About the role
AI summarisedThales is seeking a Data Engineer to design, build, and optimize data pipelines and processing frameworks powering next-generation Data Warehouse and Data Lakehouse solutions. This role involves tackling complex data challenges including streaming & batch processing, data quality assurance, and real-time data integration within a collaborative, high-tech environment.
Aerospace & DefenseOnsite
Key Responsibilities
- Architect, implement, and maintain robust, scalable, and efficient ETL/ELT pipelines to collect, ingest, transform, and load data from diverse sources.
- Integrate data from various structured and unstructured sources, including APIs, streaming platforms, databases, and external feeds.
- Develop and optimize data models (relational and non-relational) to support advanced analytics and operational needs.
- Implement data validation, sanitization, and monitoring processes to ensure high data integrity, accuracy, and consistency.
- Develop data generation/tracing capabilities via data models, audit change models, and visualization into dashboards.
- Participate in the design and evolution of Data Warehouse architecture.
- Automate recurring data engineering tasks to enhance overall efficiency and reliability.
Requirements
- Bachelor's in Computer Science or Information Technology (Master's degree in CS/Data Science is applicable).
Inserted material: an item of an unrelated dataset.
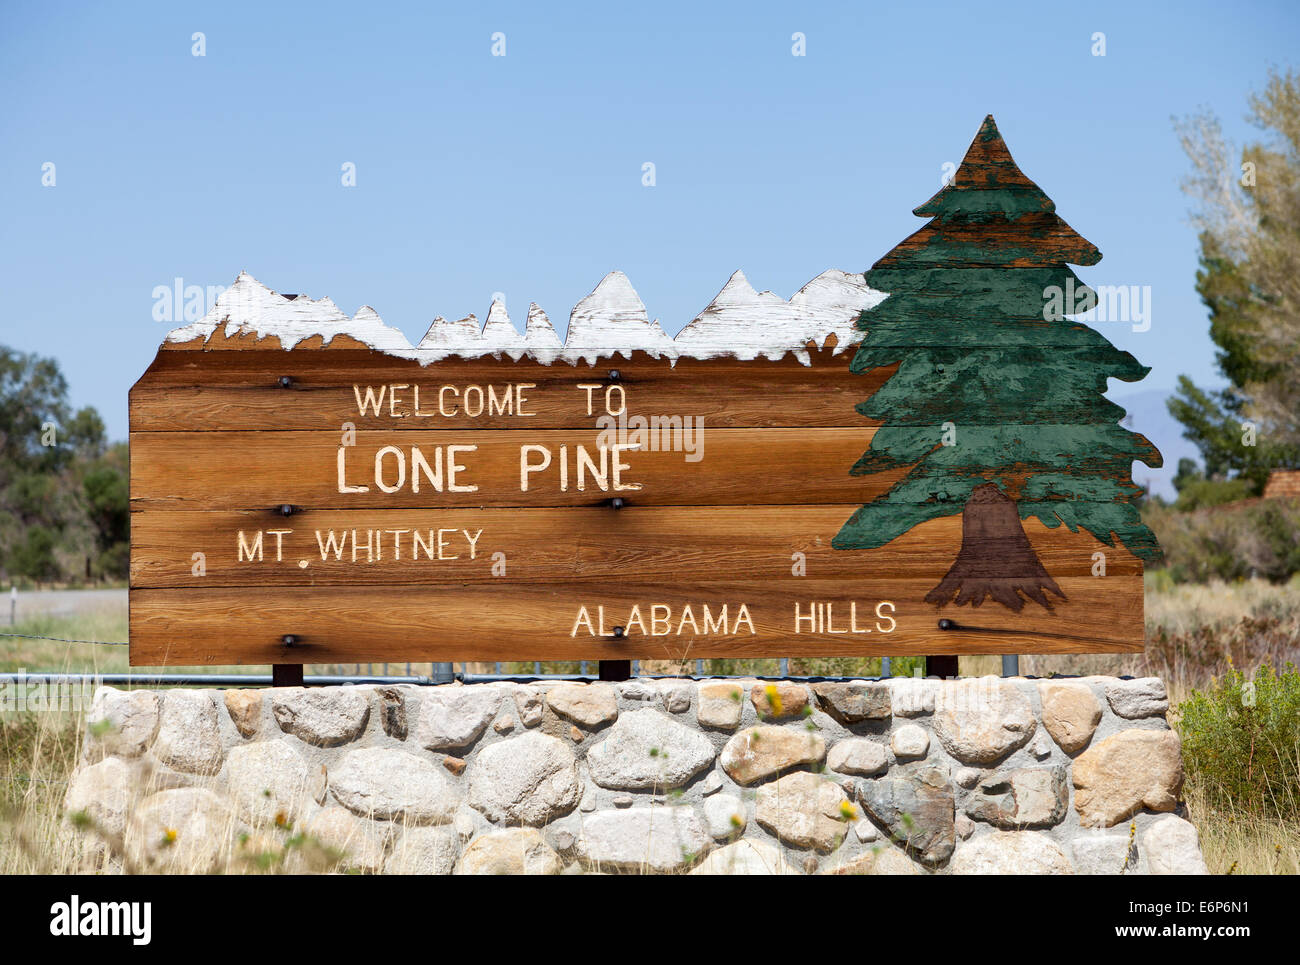 Welcome to Lone Pine, Mt. Whitney and Alabama Hills sign. Stock Photo

- Proficiency in implementing ETL & ELT pipelines using Apache Kafka, Apache Spark 3.0, and/or Apache Flink 2.0.
- Proficiency in programming languages such as Java 8+ or Kotlin 2.x.
- Proficiency in implementing ETL/ELT pipelines into Kubernetes clusters within Azure cloud environments.
- Proficiency in using monitoring tools including Grafana, Prometheus, ElasticSearch, and Kibana.
- Proficiency in implementing ETL/ELT that interacts with object-based stores (e.g., MinIO) and relational databases (e.g., PostgreSQL).
- Proficiency with distributed source code management using Git-based protocols (e.g., GitLab, Gitea).
- Proficiency with Linux command line commands and understanding of Linux filesystem/processes.